-------- Dataset extract --------

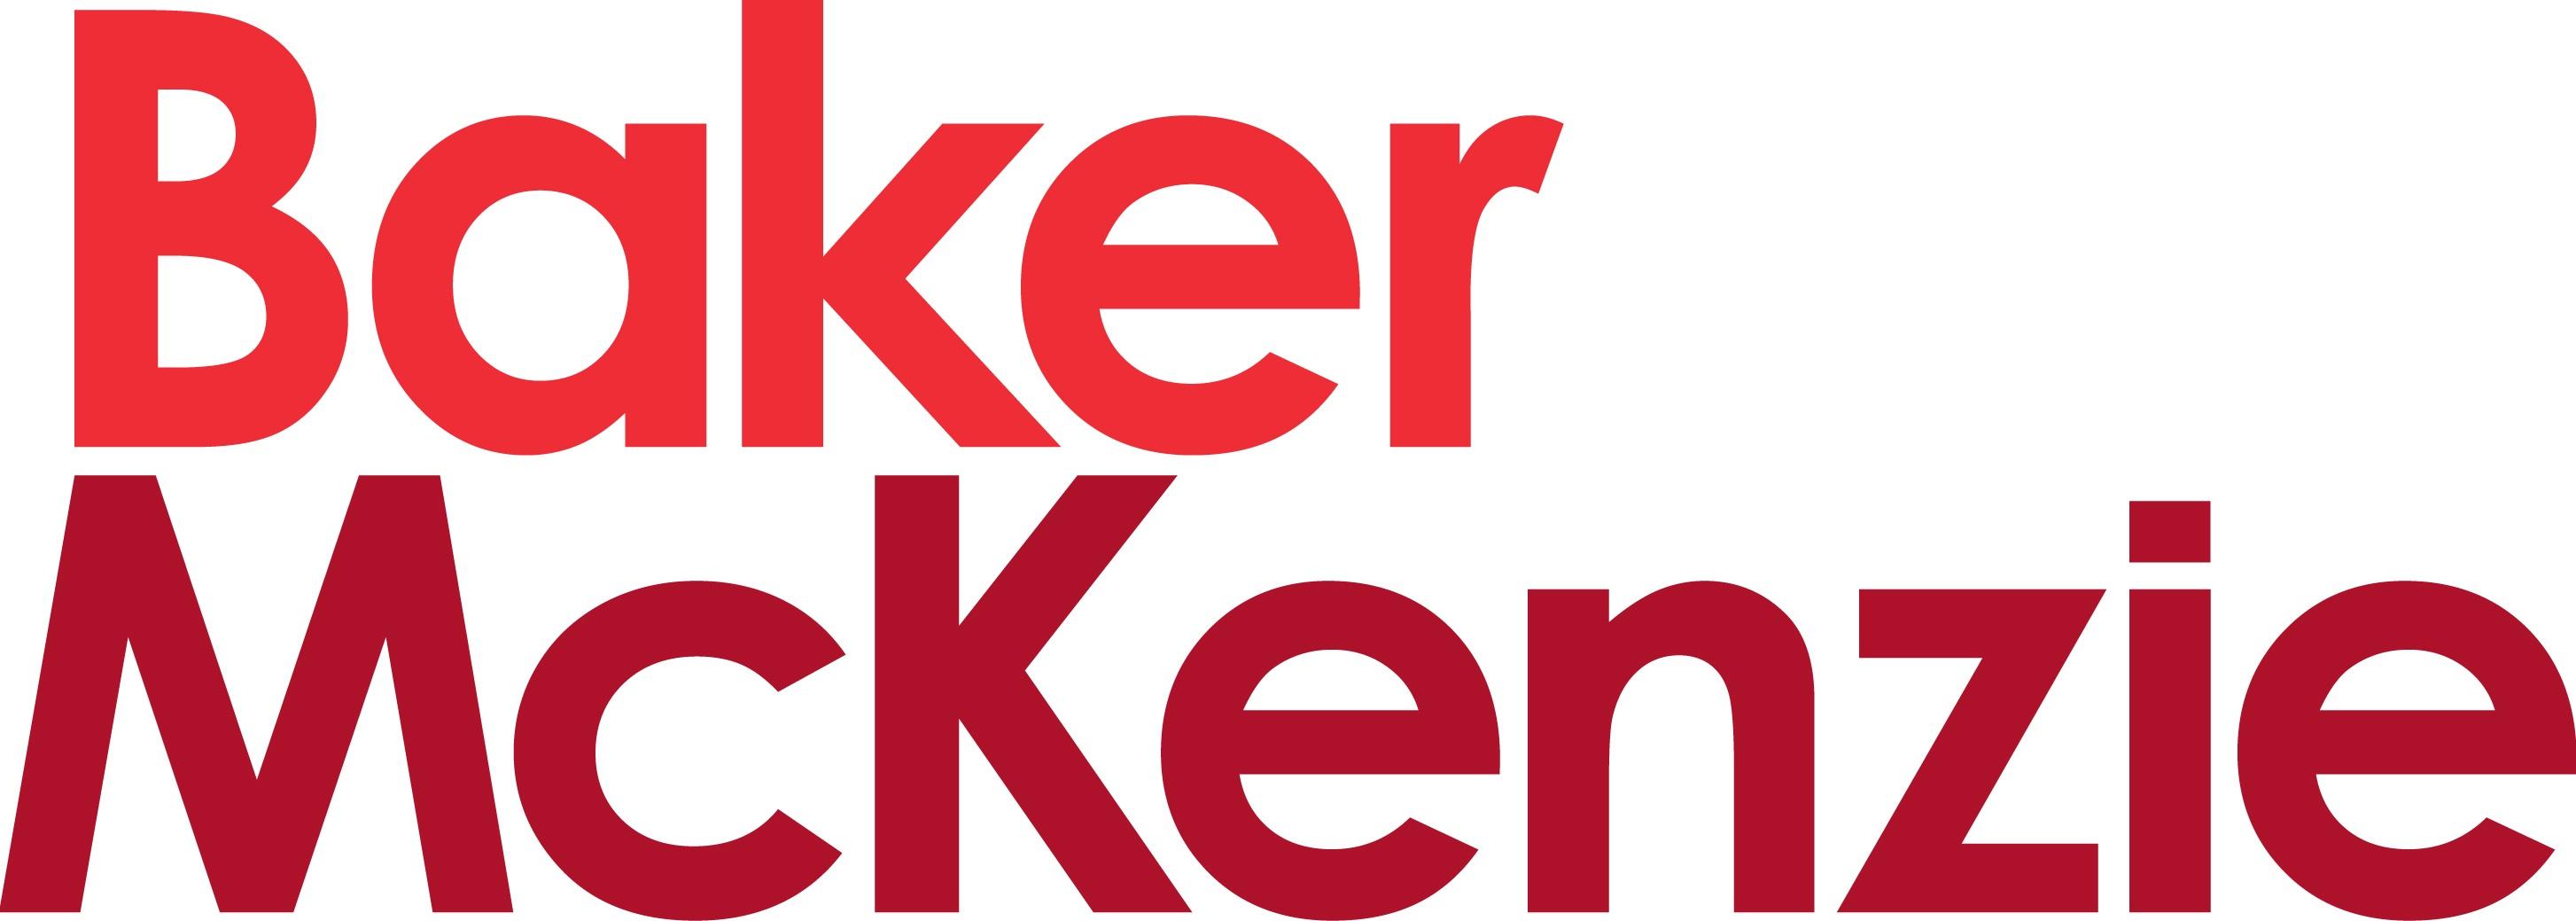 Baker_McKenzie_Logo big
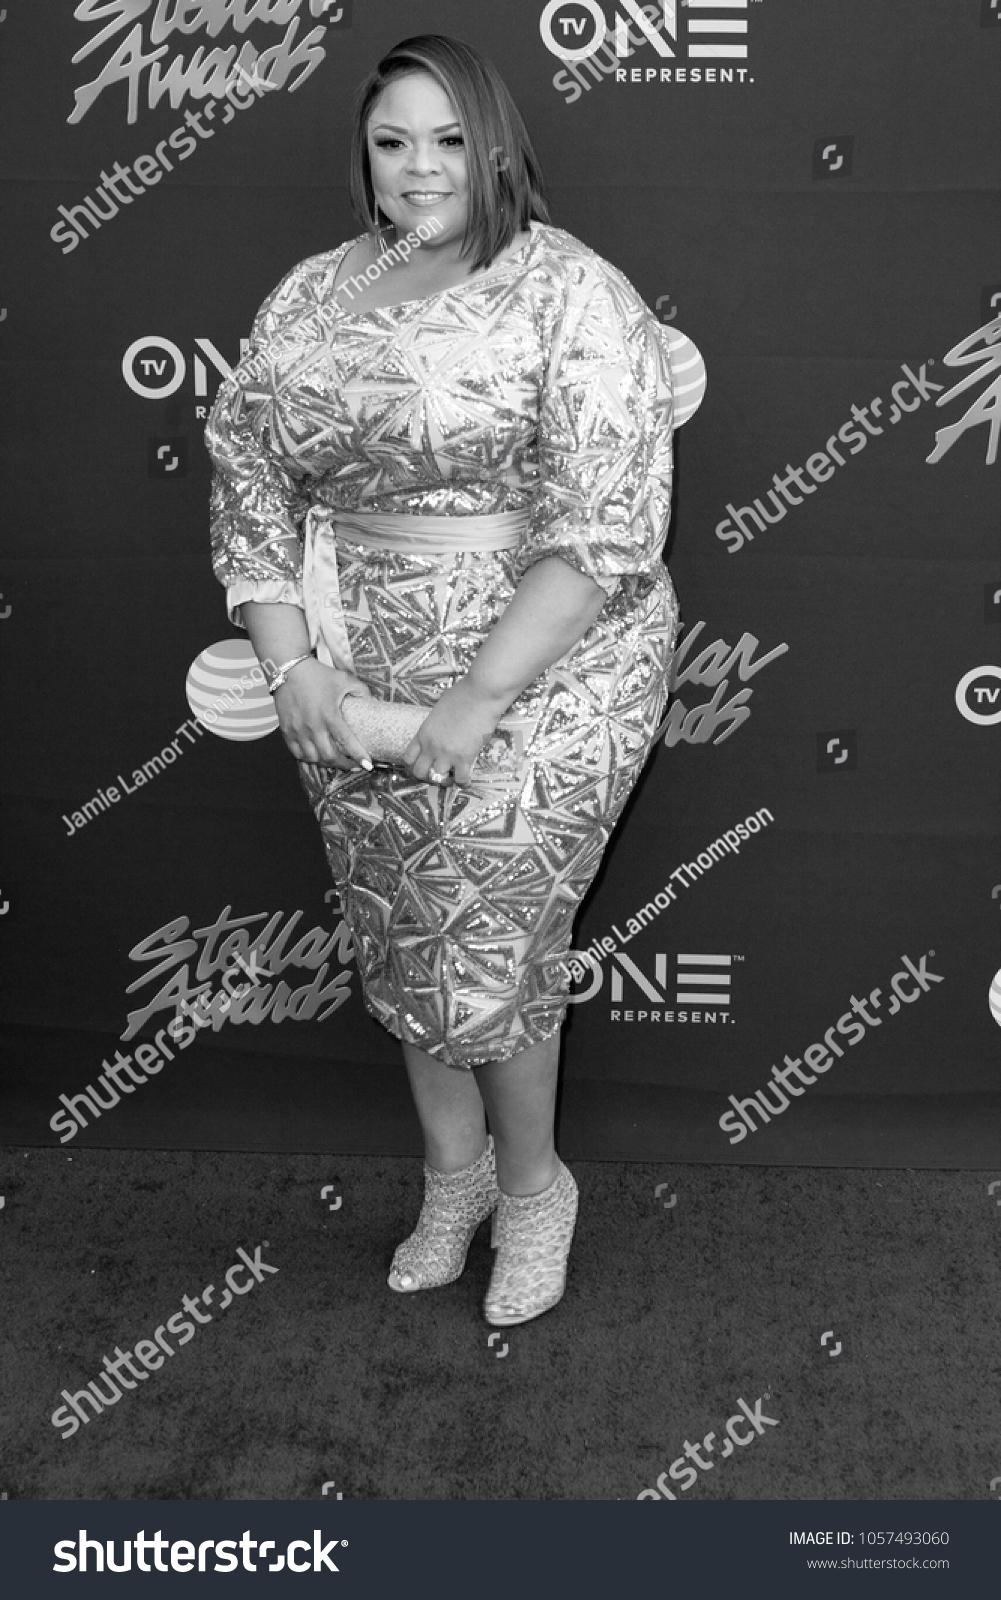 Maria Tucci,Moira Brooker (born 1957) Hot picture Manilyn Reynes (b. 1972),Kanokkorn Jaicheun
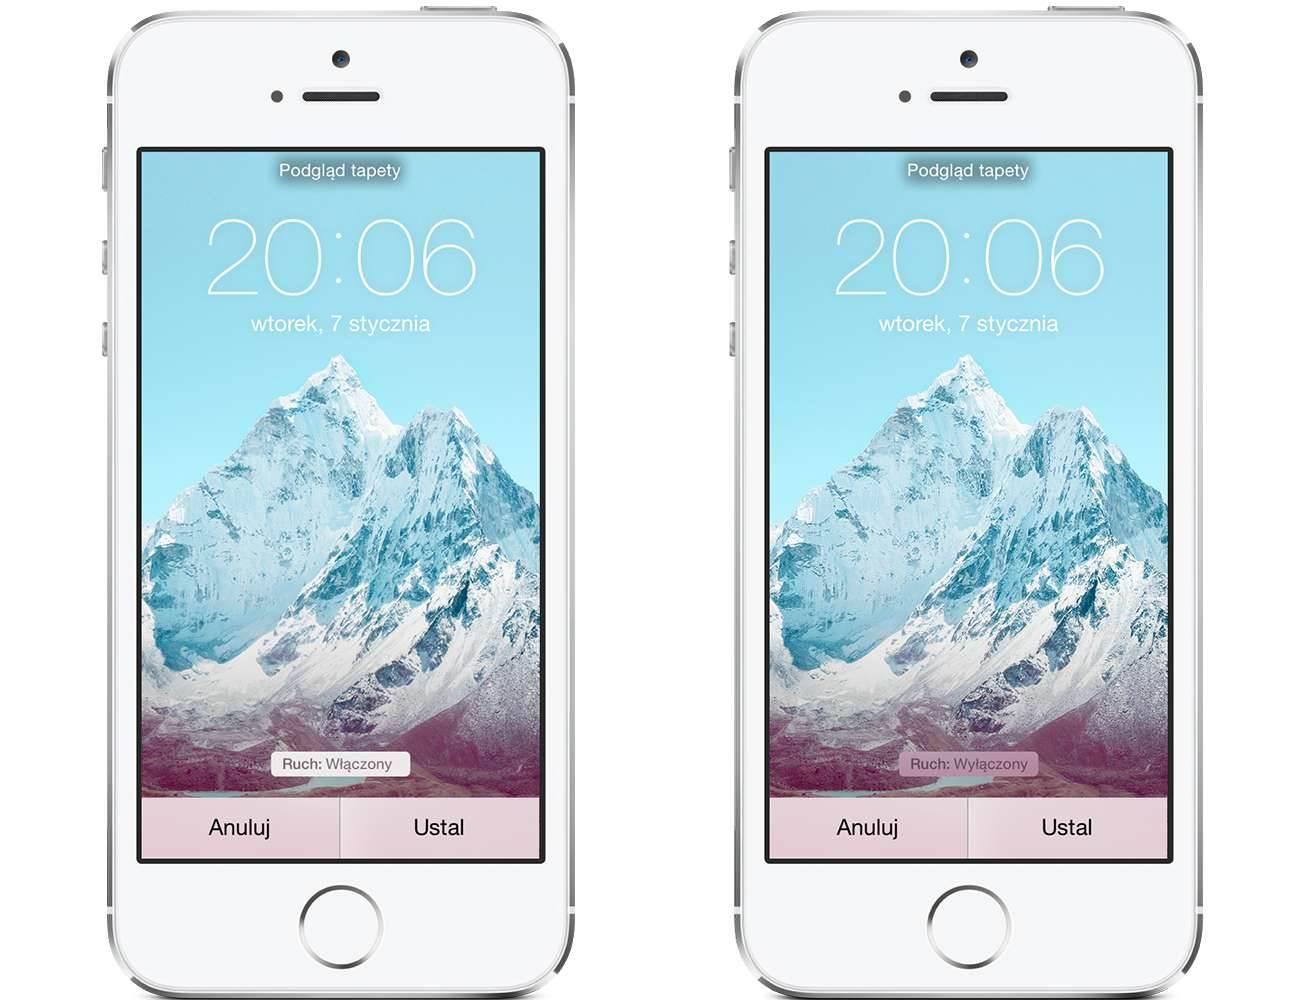 iOS7.1b3.6
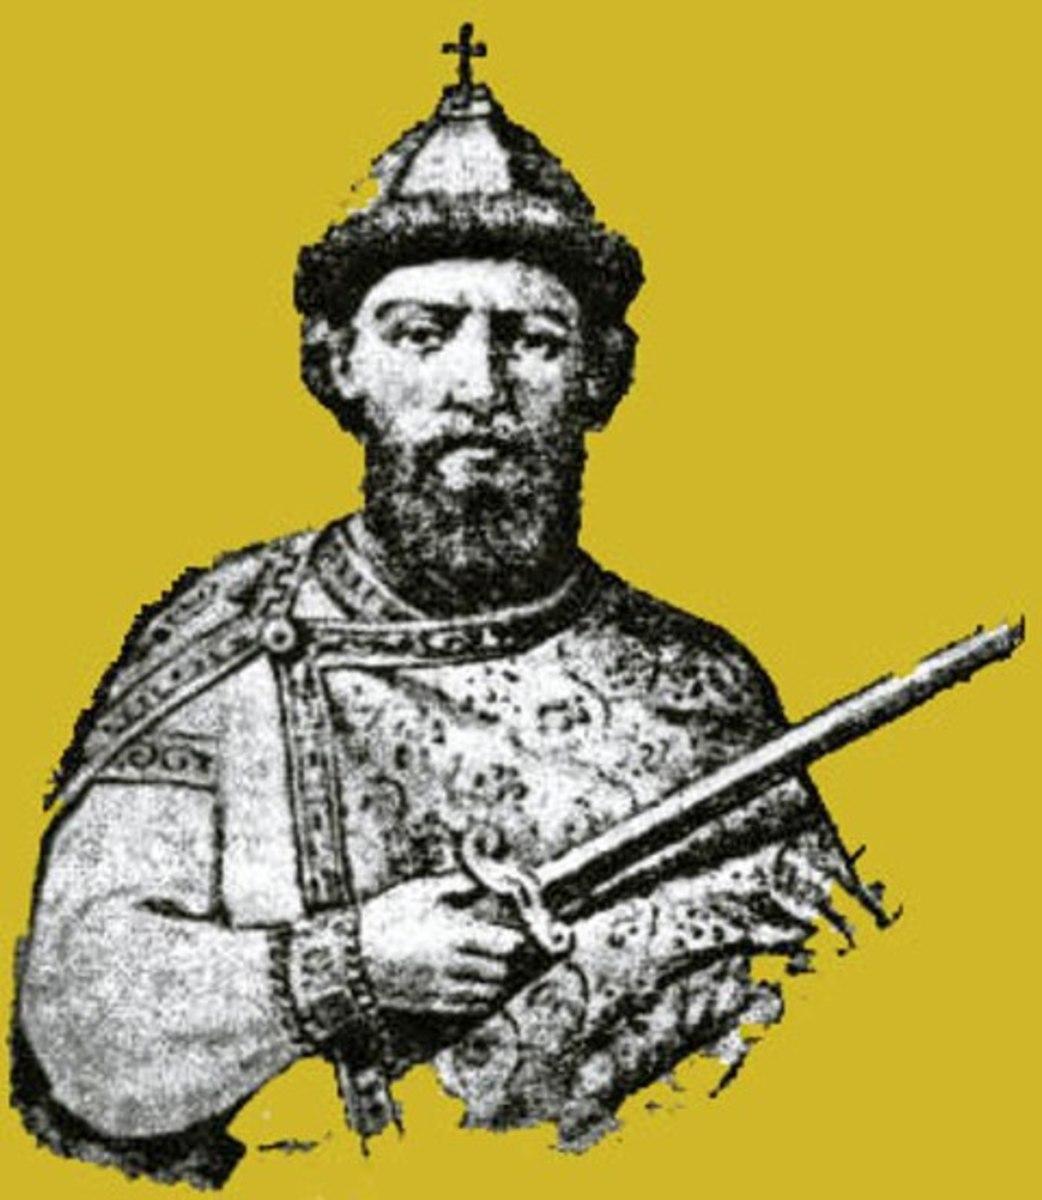 Gytha's son by Valdemar (Vladimir), Msistislav Harold - sire of several dynasties in northern Europe and Scandinavia down to the present Windsor dynasty

--------

Exercise directions:
All of the data is to be returned exactly, with no pictures included.

Exercise response:
 Baker_McKenzie_Logo big
 Maria Tucci,Moira Brooker (born 1957) Hot picture Manilyn Reynes (b. 1972),Kanokkorn Jaicheun
 iOS7.1b3.6
 Gytha's son by Valdemar (Vladimir), Msistislav Harold - sire of several dynasties in northern Europe and Scandinavia down to the present Windsor dynasty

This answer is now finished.